Richard Biener  changed:

   What|Removed |Added

   Keywords||missed-optimization
 Target||x86_64-*-*, i?86-*-*
 Status|UNCONFIRMED |NEW
   Last reconfirmed||2018-12-14
 Ever confirmed|0   |1

--- Comment #3 from Richard Biener  ---
Confirmed.

[Bug target/88473] AVX512: constant folding on mask does not remove unnecessary instructions

2018-12-12 Thread bugzi...@poradnik-webmastera.com
https://gcc.gnu.org/bugzilla/show_bug.cgi?id=88473

--- Comment #2 from Daniel Fruzynski  ---
I was playing with Compiler Explorer, to see how compilers optimize various
pieces of code. I found that next clang version (currently trunk) will be able
to analyze expressions which spans over vectors, masks and GPRs. I logged Bug
88476 to do something similar in gcc, please take a look.
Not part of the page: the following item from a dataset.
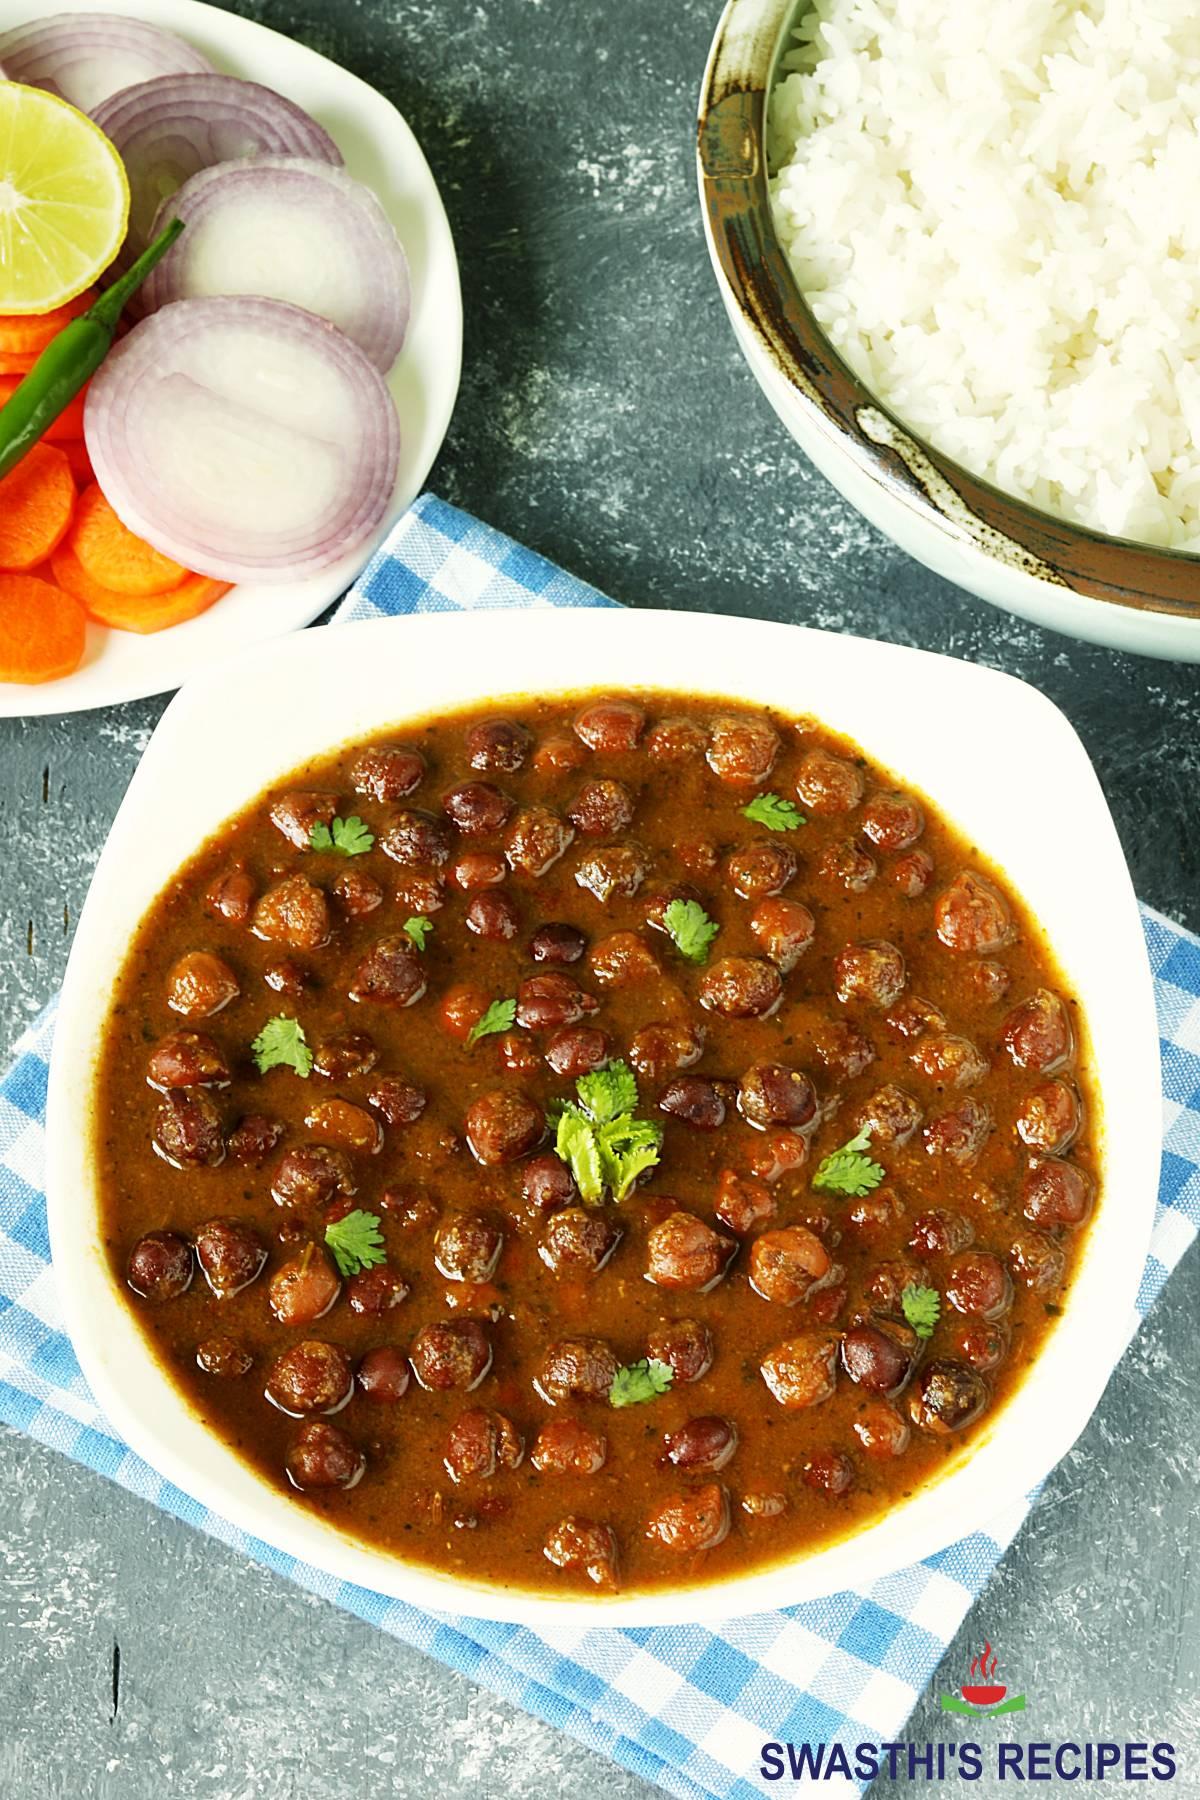 kala chana or black chickpea curry

I think such approach
as in clang would be more beneficial.

In the past I also thought about template-based library, which would wrap
vector operations. One of unique concepts was to create separate types to hold
vector with bool values, and another one for int masks. With lazy instantiation
this should lead to faster resulting code. I did not try to write it yet, but
overall this approach look promising for me. With it such cases as in this bug
can 
appear as a side effect of inlining.

[Bug target/88473] AVX512: constant folding on mask does not remove unnecessary instructions

2018-12-12 Thread jakub at gcc dot gnu.org
https://gcc.gnu.org/bugzilla/show_bug.cgi?id=88473

Jakub Jelinek  changed:

   What|Removed |Added

 CC||jakub at gcc dot gnu.org

--- Comment #1 from Jakub Jelinek  ---
Well, if you want this constant folded, why are you using the _k* intrinsics at
all rather than just normal arithmetics on the __mmask8 etc. types?
The intrinsics are handled in GCC in a way to force those to be actually those
instructions.  We could surely implement those just by doing normal arithmetics
inside of the headers, but then it would be more likely that normal GPR
arithmetics would be used for those rather than mask logic etc. operations.